Process management in Linux

If you are working with Linux in text-mode, it is vital to know how to manage processes, terminate them, prioritize them, etc. In addition, process management is more crucial for system administrators which mostly manage servers. For example, they need to terminate the process which is in infinite loop in order to avoid system to hang.

Fortunately, Linux is really rich in this area since it multi-tasks and multi-threads OS. Furthermore, Linux is Unix-like OS which is server based OS, therefore, it should facilitates system administrators to manage processes and tasks.

This post briefly talks about some basics and primary process management commands in Linux.

At first we need a command(s) to show the current running processes on the system. The best and first command to monitor current processes in the system is “top”. This command shows CPU, RAM usage and process ID of each process. Additionally, it monitors the situation of available process lively and updates automatically. It comes with numerous options which you can find more about them in the man page of “top” command. If you do not want to use “top” command, other command is also available to monitor the running process of the system. “ps” command almost does the same task of “top” with less options. If you type “ps” on the command line it just returns PID of “bash” and “ps” which is not true. If you want to list all running processes of the system, type the following command,

$ ps -aux

For getting list of the processes which are running by especial user, type the following command,

$ ps -u root

You can replace “root” with user(s) account name(s).

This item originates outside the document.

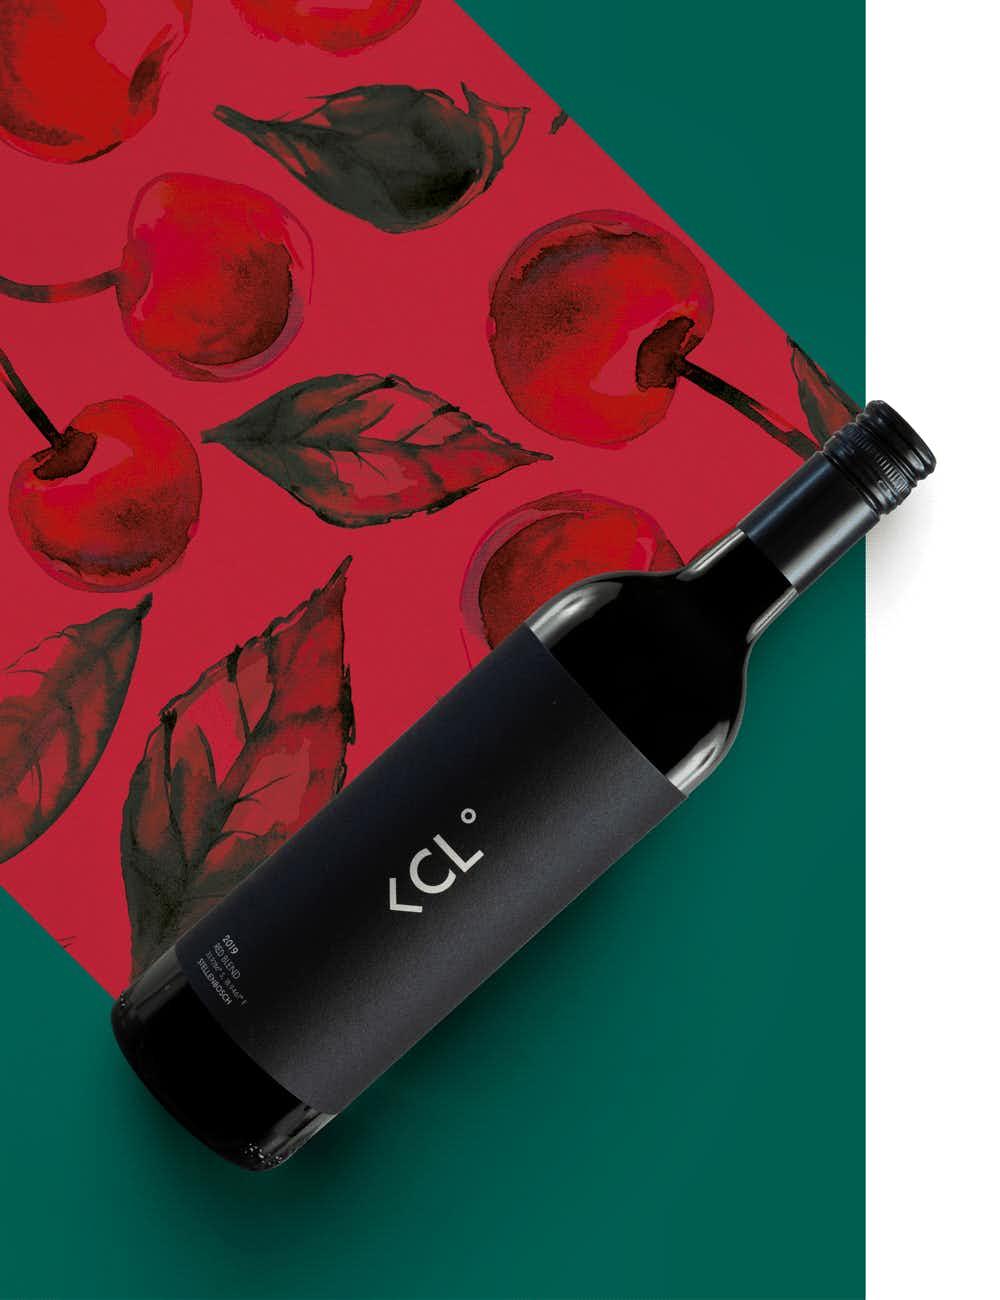 Oldenburg Vineyards CL° Red Blend 2019
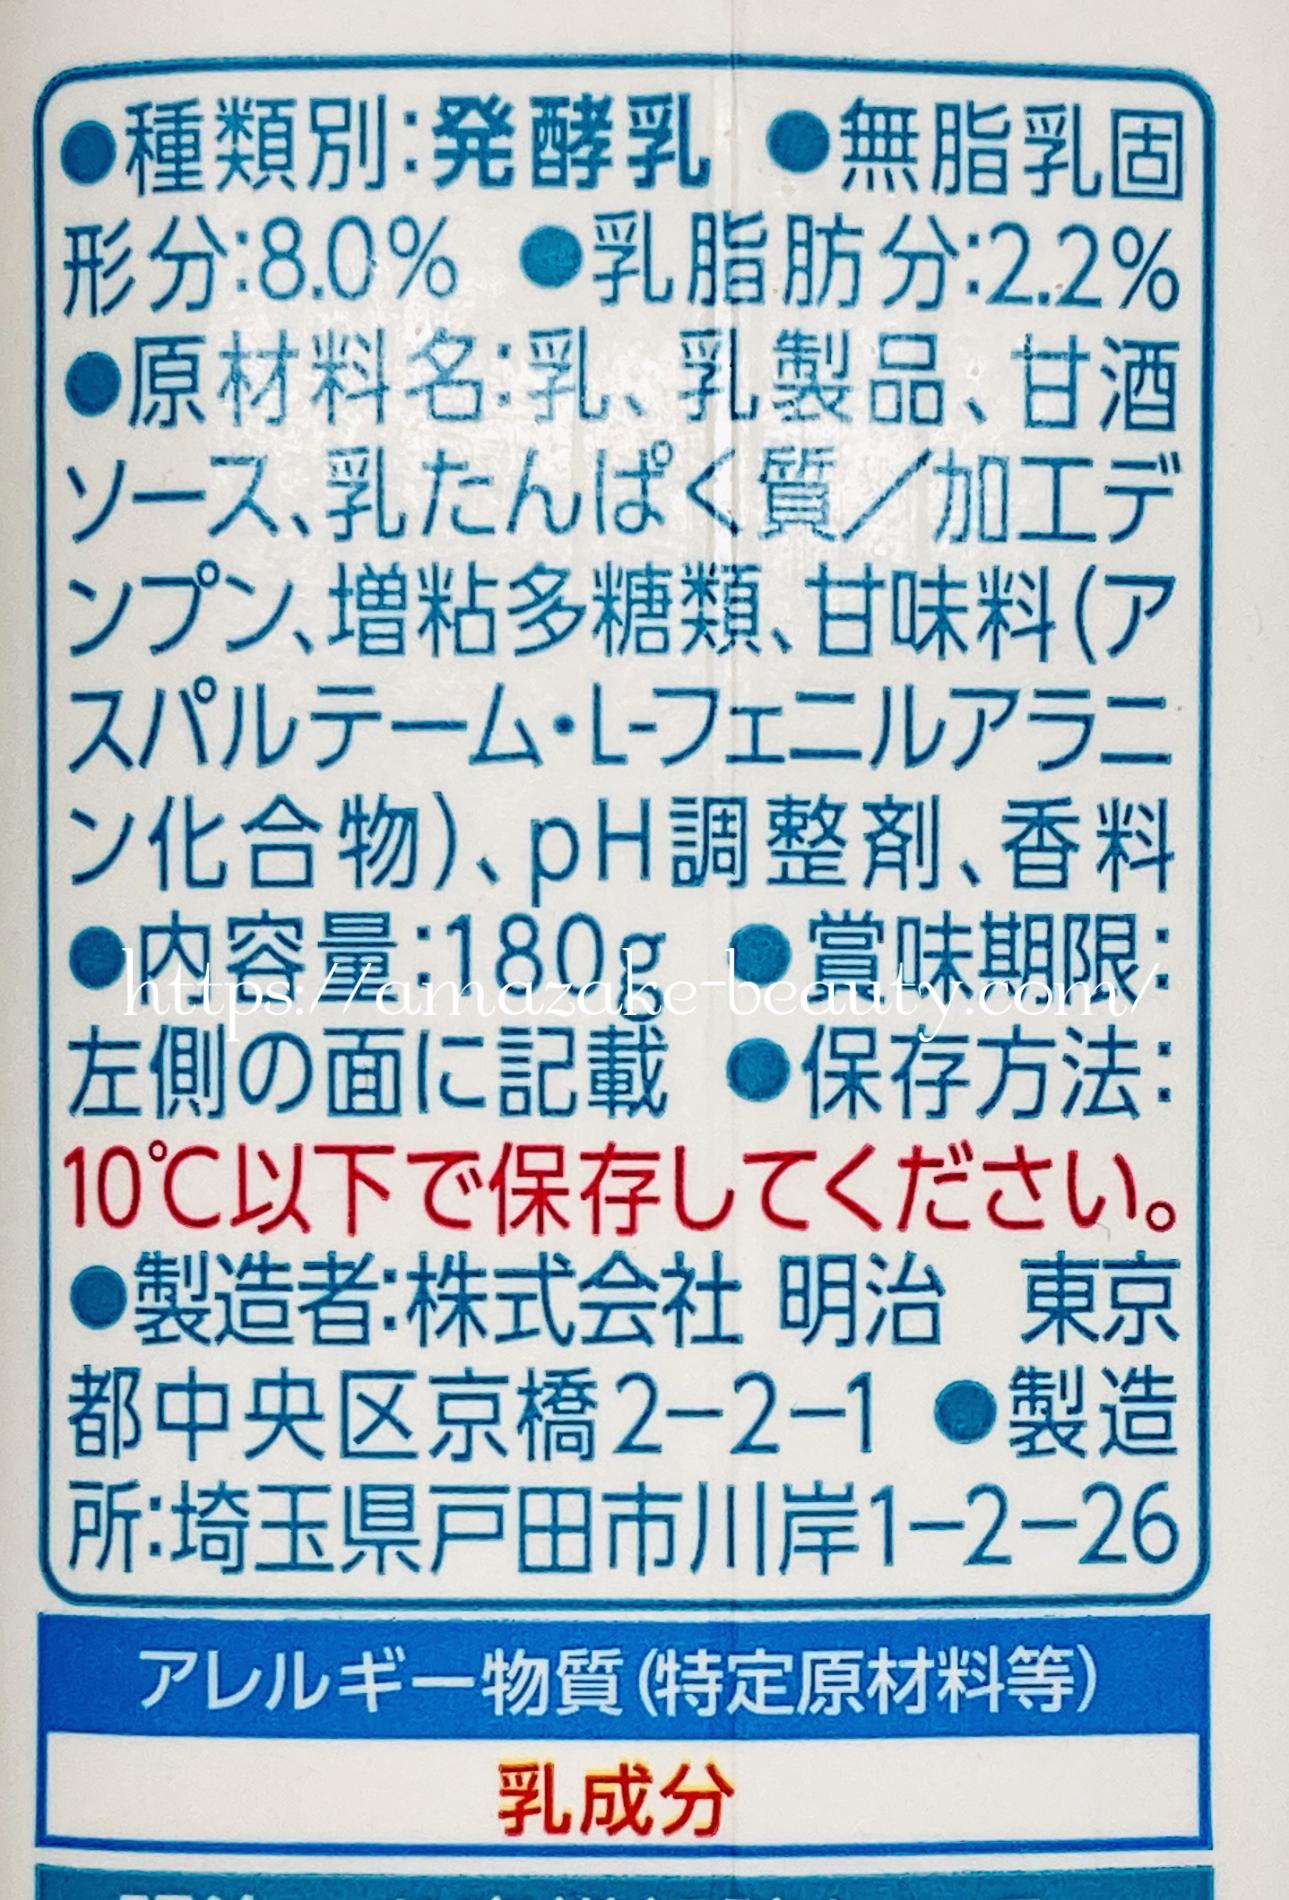 [amazake]meiji[meiji koji amazake nomu yoguruto](product description)

If you know the name of the process and want to get PID of it, you can use “pidof” command which returns PID of the given process. Look at the following example,

$ pidof bash

Bear in mind that if you give wrong process name or non-existed name, the command will not prompts error and it just shows empty line.

For killing an especial process firstly you need to know PID of the process and then terminate the process with “kill” command. Look at the example,

$ kill 14062

On the condition that the user types wrong PID, the command shows “No such process” error.

If you want to run a process in background just add “&” sign after your command like below,

$ mpg123 *.mp3 &

After that, the process will run on background and you can do other tasks. If the process was not redirected to background, just press CTRL+Z. Even if you forgot to add “&” sign after process, you can send the process to background with just pressing CTRL+Z easily.

For getting the list of the process which are running on background just type “bg”.

In order, to bring process from background to foreground type “fg”. It will bring the last process to foreground which you sent to background. For bring an especial process to foreground, firstly you need to get the number of process running on background, then type that number in front of “fg” command like below,

$ fg 1

The above command brings first process sent to background. If you want to send the process again to background just press CTRL+Z.

This post was just a short introduction to the process management and in the next and later post I will discuss more about process management in Linux.

For getting more information read man pages of mentioned commands.